Wouldn’t it be interesting to track these variations as the trail climbs up the mountain face and descends down the other side? Sure, there are gadgets available that do this kind of thing. Like tracking your position, speed, altitude and heart-rate. If you really look around, you might even find one that reports the temperature. Not cheap, but they are available.

Hmmm… Let’s see, can we make a do-it-yourself alternate? A solution that is much cheaper than the cost of a commercially bought product?

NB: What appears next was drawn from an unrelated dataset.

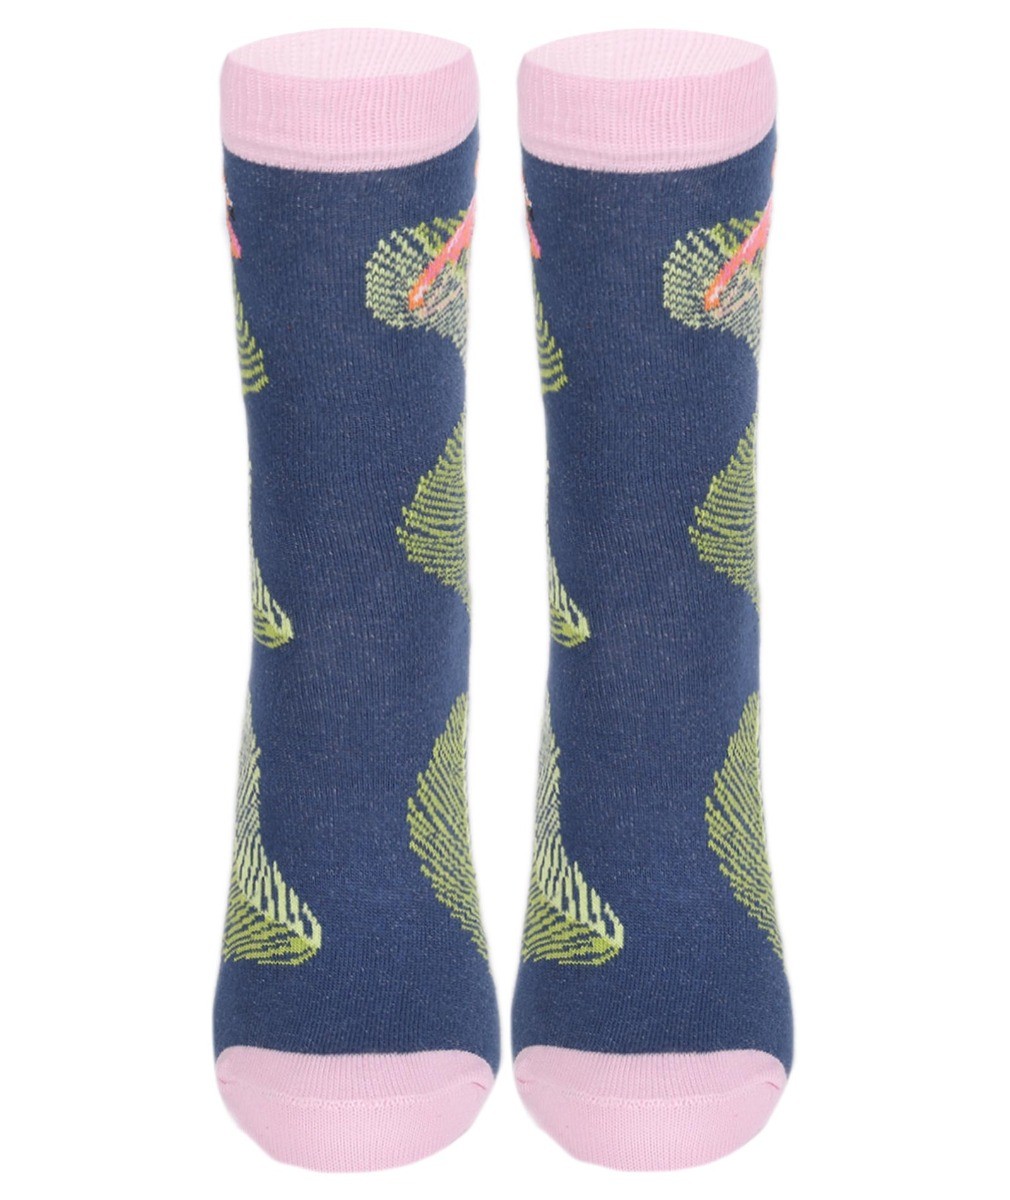 Unisex Kids Flamingo Socks- Novelty - Blue - Green - Pink

This looked like a perfect task for the super low-cost ESP8266 and a few inexpensive sensors. Coupled with a data link to a smartphone, you got a mobile platform tailored to track just about anything. A system that can be tailored to your exact needs. All at a fraction of the cost of a commercially available product, if you can find one meeting the specifications you want.

Here is what I came up with…

My initial design simply collects data samples and saves them to a file on my Android SD Card. This file is then transferred to a PC for visual representation with excel. Later, I intend to add screens to the Android App to display the data on phone. But first, a data collection and storage system was needed.

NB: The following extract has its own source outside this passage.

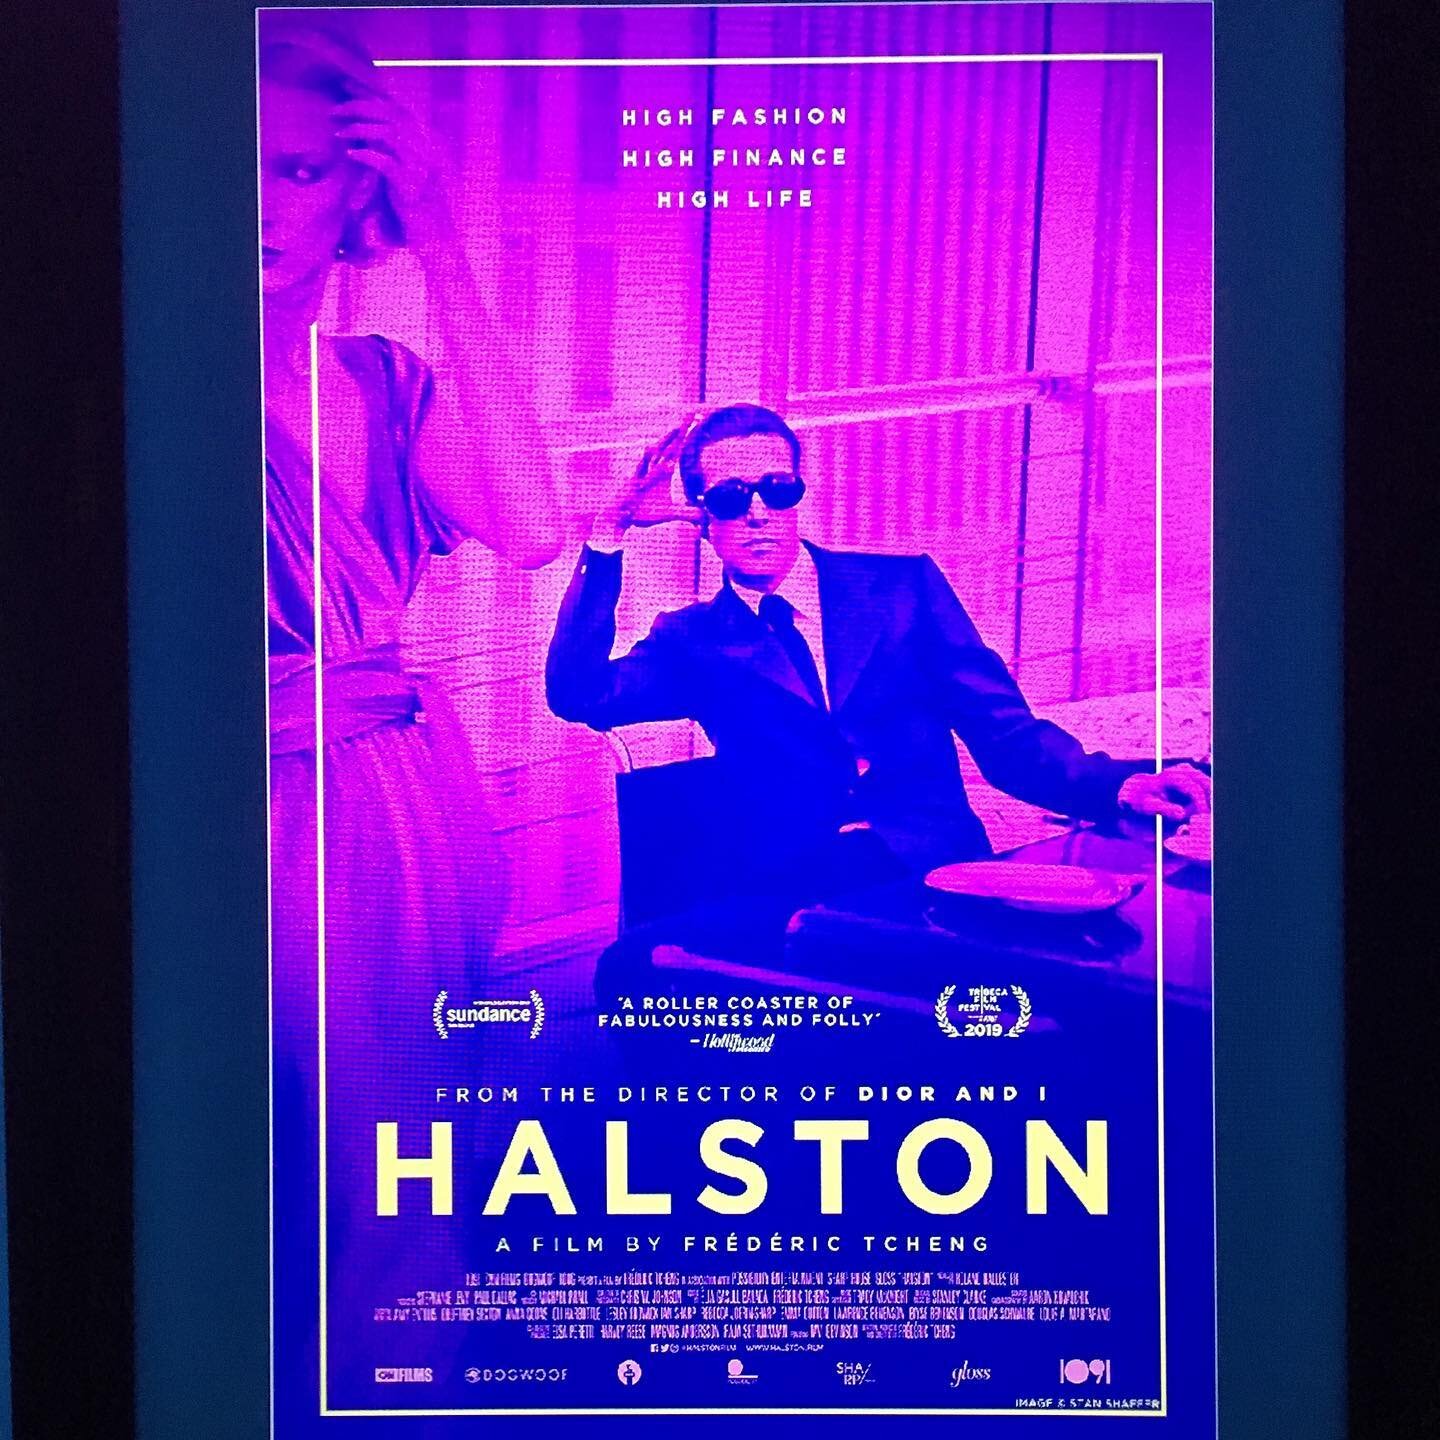 My matinee selection today: @halston. 🍿🎥👗 #HalstonFilm

After thinking about how I wanted to implement these features, the project was broken down into several phases. This post addresses phase 1. Yep, this project is “work-in-progress” and phase 1 is as far as I have gotten…so far. Check back to this blog soon for updates that cover the subsequent elements of this Application as they are developed. Once completed, the “phases” that following will be turned into links.

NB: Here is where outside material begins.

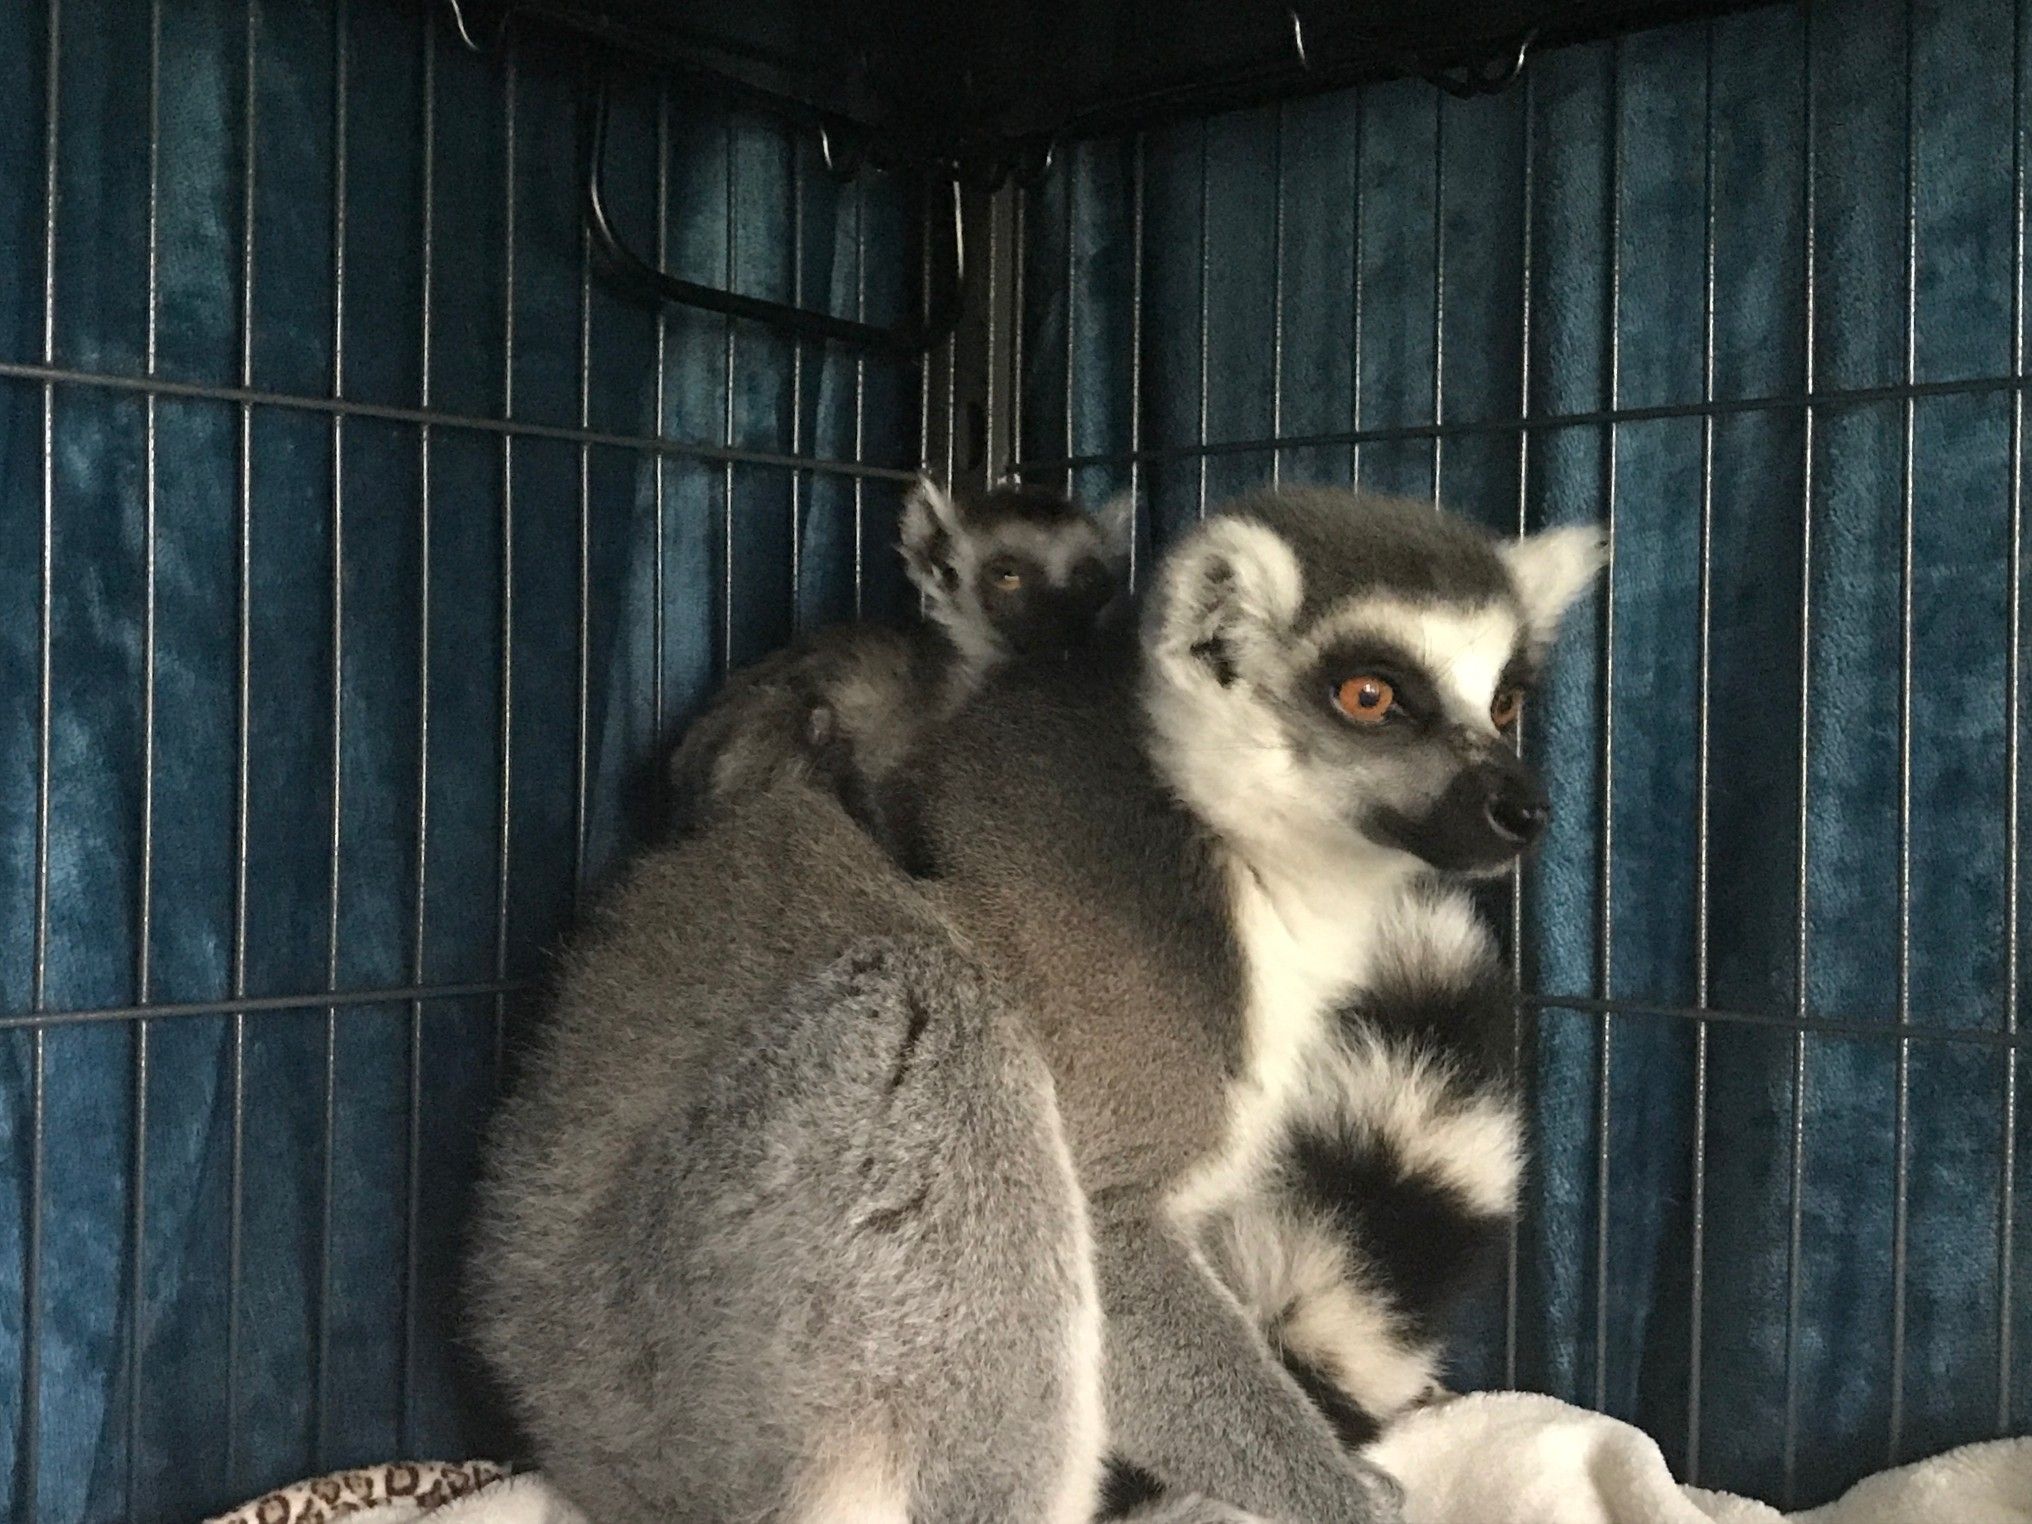 Mom and baby lemur

Phase 1: Mobile Data Collection

Okay, to get started, the scope of the data collection set needed to be defined. First I made a list of the information to collect. While subject to change, initial list includes:

Parameter Units Device
1 Temperature Degrees F ESP8266 Sensor (BMP085)
2 Barometric Pressure in Hg ESP8266 Sensor (BMP085)
3 Humidity Percent ESP8266 Sensor (DHT22)
4 Speed mph Smartphone GPS Sensor
5 Altitude feet Smartphone GPS Sensor
6 Heading Degrees Smartphone GPS Sensor
7 Latitude Degrees Smartphone GPS Sensor
8 Longitude Degrees Smartphone GPS Sensor
9 Heart Rate beats per minute Garmin Ant+ HRM
10 GPS Timestamp ms Smartphone GPS Sensor
11 ESP8266 Run-time seconds ESP8266
12 ESP8266 Heap Bytes ESP8266
13 ESP8266 Iterations Loops ESP8266

The Mobile Smartphone App

The smartphone App is obviously the heart of this project. In this first phase, it must gather data from 3 different sources. But that’s not the only thing to consider. Aside from the Smartphone App, the project also uses an external micro-controller. So the hardware and software design of the ESP8266 system also needs to be developed. But let’s start with the Smartphone App and it’s 3 sources of data.

  1. Phone’s Internal GPS Sensor
  2. ESP8266 Micro-controller
  3. Garmin Heart Rate Monitor

But how do we do it? What do the hardware and software components look like to make this a reality?

GPS Data

My first thought was to add a GPS sensor as an ESP8266 sensor input. But then the obvious hit me… The Smartphone has a built-in GPS Sensor. Why not use it instead of added a redundant capability to the ESP8266 system?

Thanks to the geolocation API included with HTML5, access to the Smartphone GPS data is easy. Starting with the default Native Cordova Android App, the App code (Javascript/jQuery) needed to collect location information from the Phone’s GPS receiver is minimal.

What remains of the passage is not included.